Plus abattus après, ivres de dégoût, fatigués l’un de l’autre, se méprisant également, ils se dirent adieu et de Plombières partit.

Il remonta les Champs-Élysées, passa sous les fenêtres de l’hôtel de Suzanne. Les fenêtres n’avaient aucune lueur.

Il s’arrêta quelques minutes devant la porte, le temps de lourdement penser, et, triste, dans un retour vers le passé, il parcourut, de souvenir, les jours heureux et de misère dans les bras de la chanteuse d’autrefois, le voyage en Amérique, la vie de marlou, de marlou qui aimait, qui était aimé ; il eut des regrets.

De Plombières suivit l’avenue d’Antin, le faubourg Saint-Honoré, le boulevard Haussmann et gagna la rue de la Bienfaisance.

Troisième station de son chemin d’amour.

— Ils ne dorment pas, eux, dit-il.

C’était là qu’ils s’aimaient, peut-être, Mariette d’Anjou et San-Pedro.

Alors, il revint sur ses pas, traversa le Parc Monceau, et rentra dans le petit hôtel, nid sans oiselle, où il avait installé Margot de Belaire.

— De toutes les femmes que j’ai connues. la seule que je puisse encore aimer, la seule qui soit à moi, si je le veux, dit-il tout haut, c’est Paula, et c’est Paula que j’ai le plus volée.

Il s’écroula dans un fauteuil du salon, au rez-de-chaussée, n’ayant pas le courage de monter dans sa chambre, dans leur chambre, celle de Margot et la sienne.

Cependant il était riche, il avait au Crédit Lyonnais, en rentes et en actions solides, plus d’un million, la grosse et suffisante somme, et il n’avait pas une femme à côté de qui dormir.

Son abominable vie de souteneur ne lui rapporterait donc pas la bonne satisfaction ? Oui, sa fortune lui venait des femmes, de femmes qu’il avait aimées, et puis… Gavé d’or, il n’avait plus même les jouissances cueillies au temps de son infâme métier.

Le parvenu d’amour jeûnait d’amour bon.

Et ses yeux passaient sur chacun des objets qui l’entouraient : ce fauteuil où il reposait représentait une heure de la vie de Suzanne ; ce canapé, là, plus loin, une heure de Mariette ; ce tableau de Meissonier avait été acheté chez Petit avec de l’argent emprunté, et pas rendu, à Paula.

Il comptait les séances d’amour en comptant chaque bibelot.

Tout, autour de lui, avait été gagné à la sueur du corps de ses maîtresses offertes à d’autres mâles, et offertes par lui.

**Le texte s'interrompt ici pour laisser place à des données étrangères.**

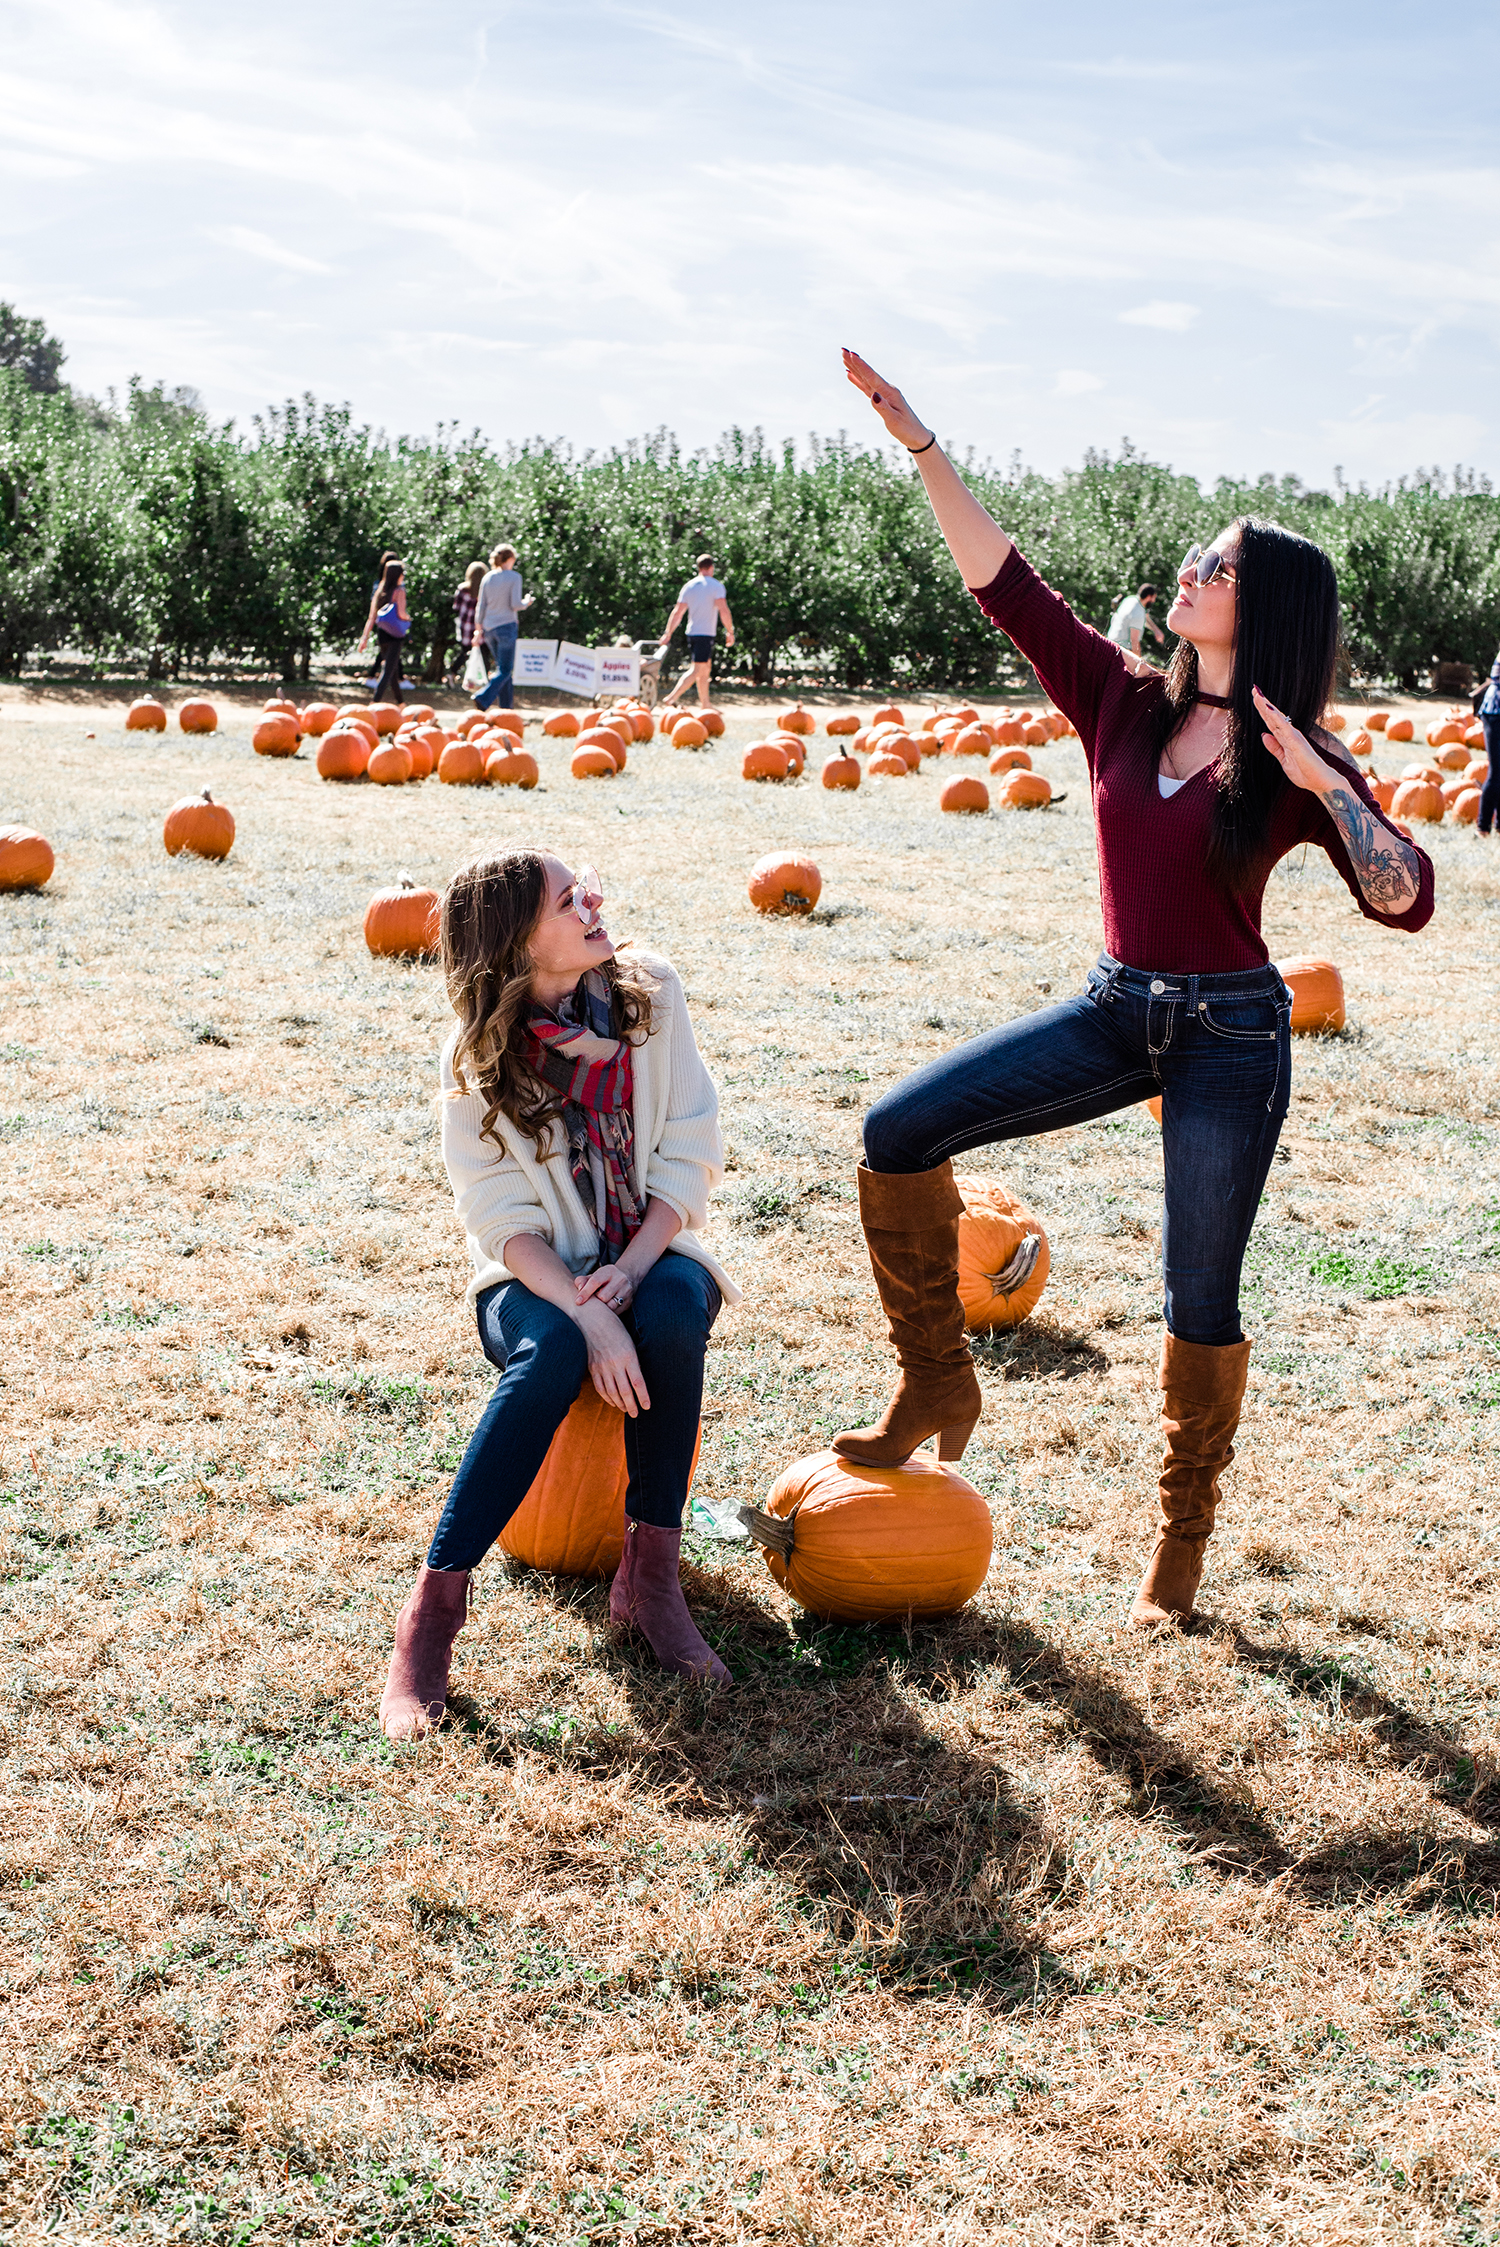 Alyssa Campanella of The A List blog goes apple picking in New Jersey with her sister Jessica wearing M Gemi Corsa boot

Il les avait exhibées, il les avait fait mousser, elles avaient produit. Elles avaient produit son luxe, elles avaient tué l’amour.

— Je suis un commerçant de chair, dit-il.

Il voulut rire, mais il eut un rire qui lui fit du mal.

— C’est vrai que j’engraisse, dit-il encore.

Et il tira son gilet sur son ventre.

— Tout me dégoûte !

Ses bras tombèrent sur ses genoux et il s’endormit.

Et pendant que Gaston de Plombières se saoûlait d’ennui dans le petit hôtel de la rue de Chazelles, Margot de Belaire et Raoul de Saint-Croze, bien enfermés dans la garçonnière de la rue Fortuny, s’aimaient à tire-larigot et cocufiaient la comtesse à tour de bras.